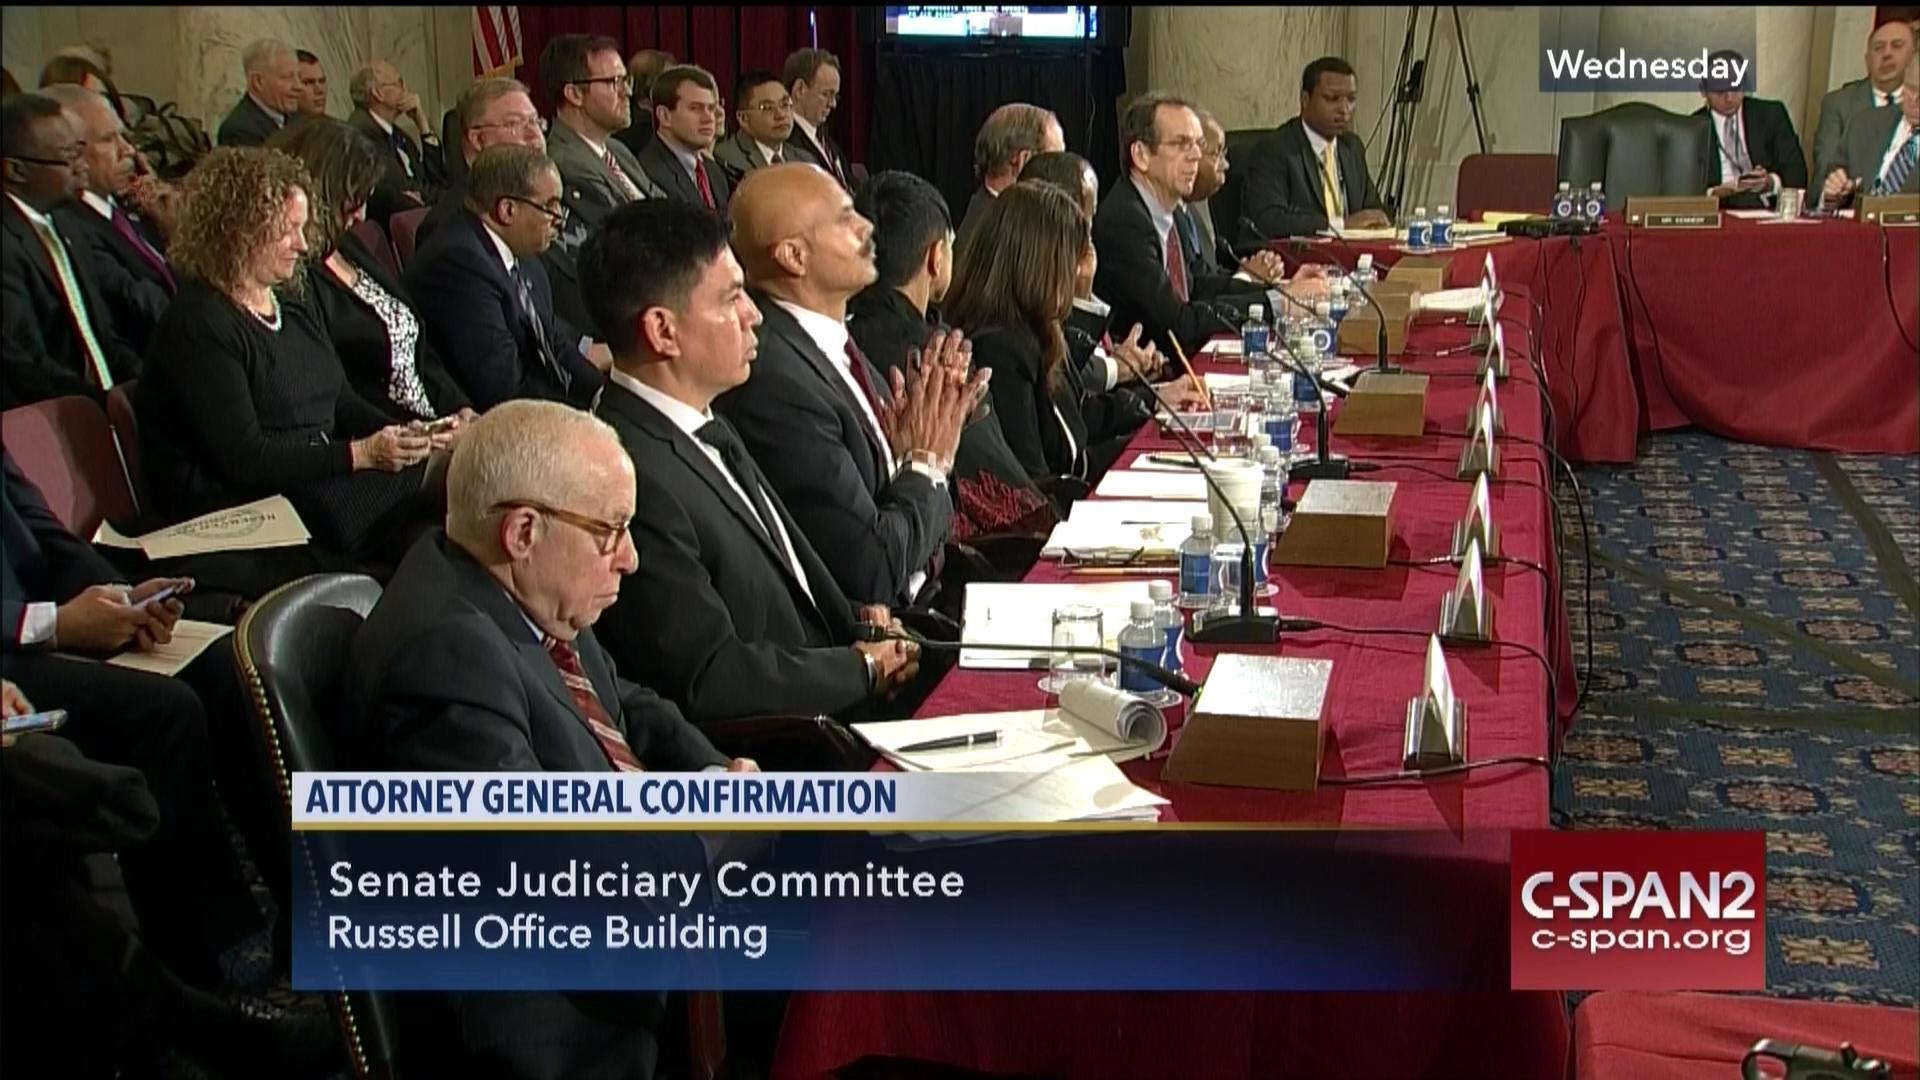 cory booker john lewis testify jeff sessions ag nomination jan 11 2017 - Attorney General Job Description
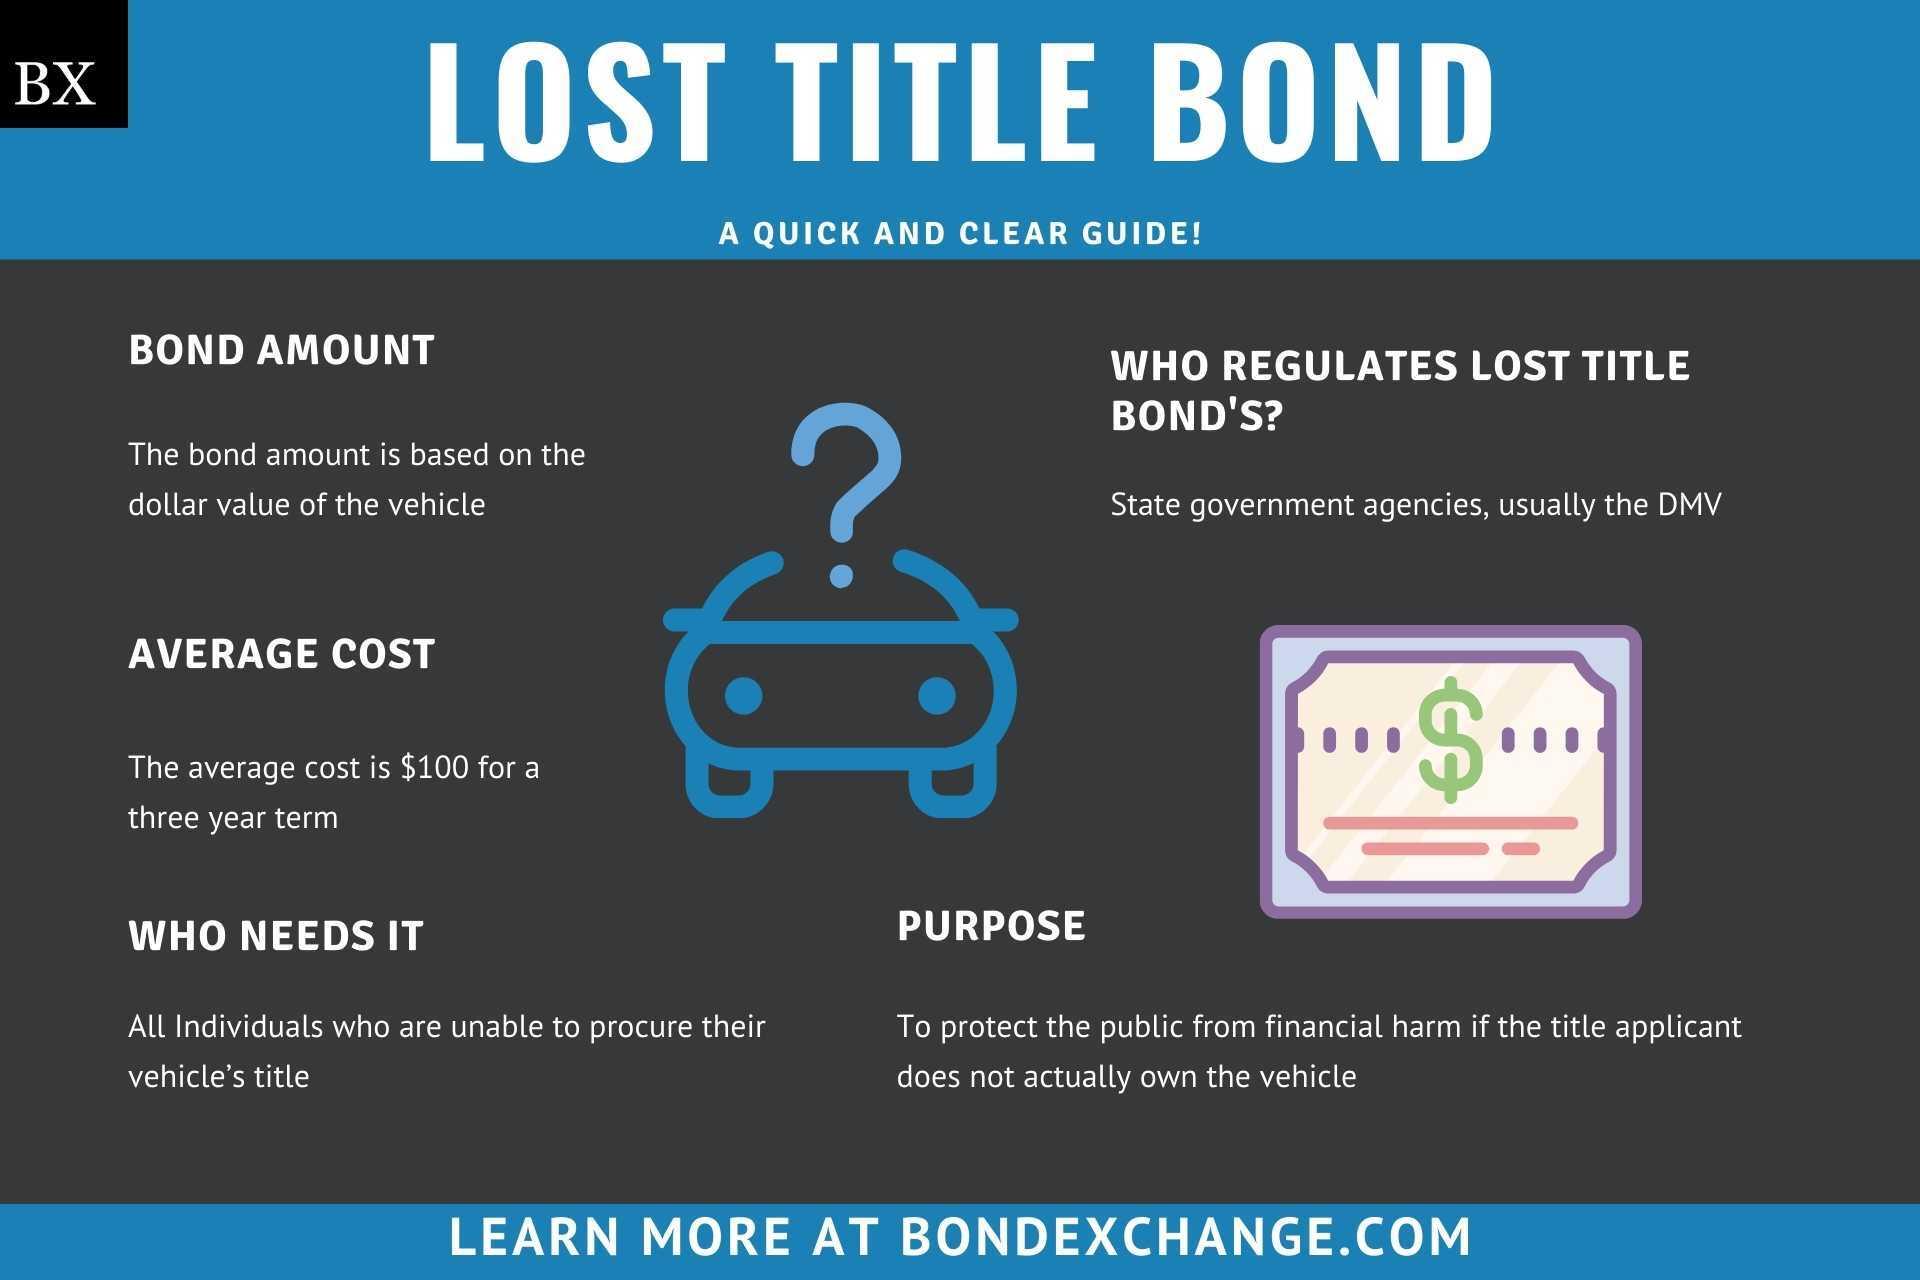 Lost Title Bond
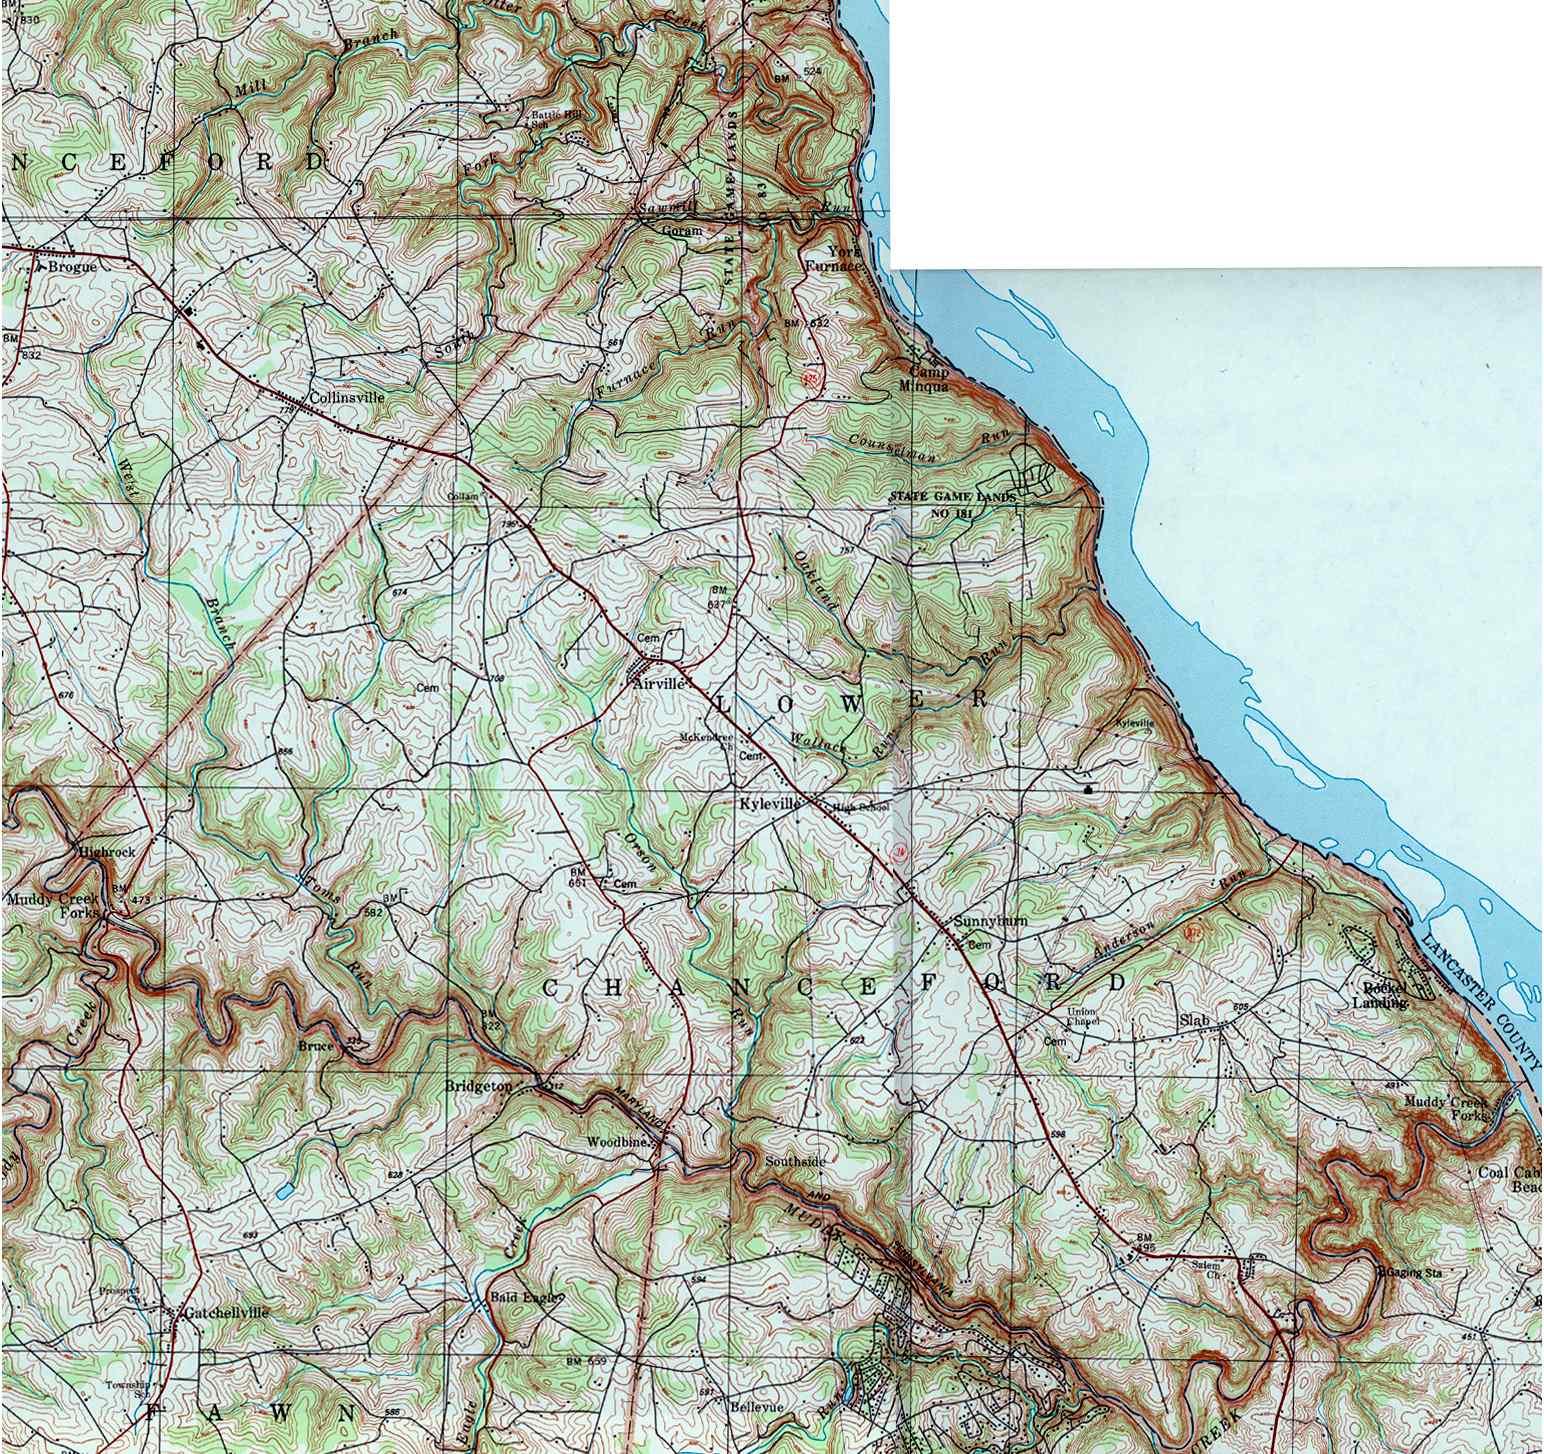 York County Pennsylvania Township Maps on york pa street map, york county pa driving map, pennsylvania borough map, york co map, york township pa ward map,

______________________________

From the first line to the last, write out the data exactly, omitting any pictures.

**COMPLETED TASK**.
 cory booker john lewis testify jeff sessions ag nomination jan 11 2017 - Attorney General Job Description
 Lost Title Bond
 York County Pennsylvania Township Maps on york pa street map, york county pa driving map, pennsylvania borough map, york co map, york township pa ward map,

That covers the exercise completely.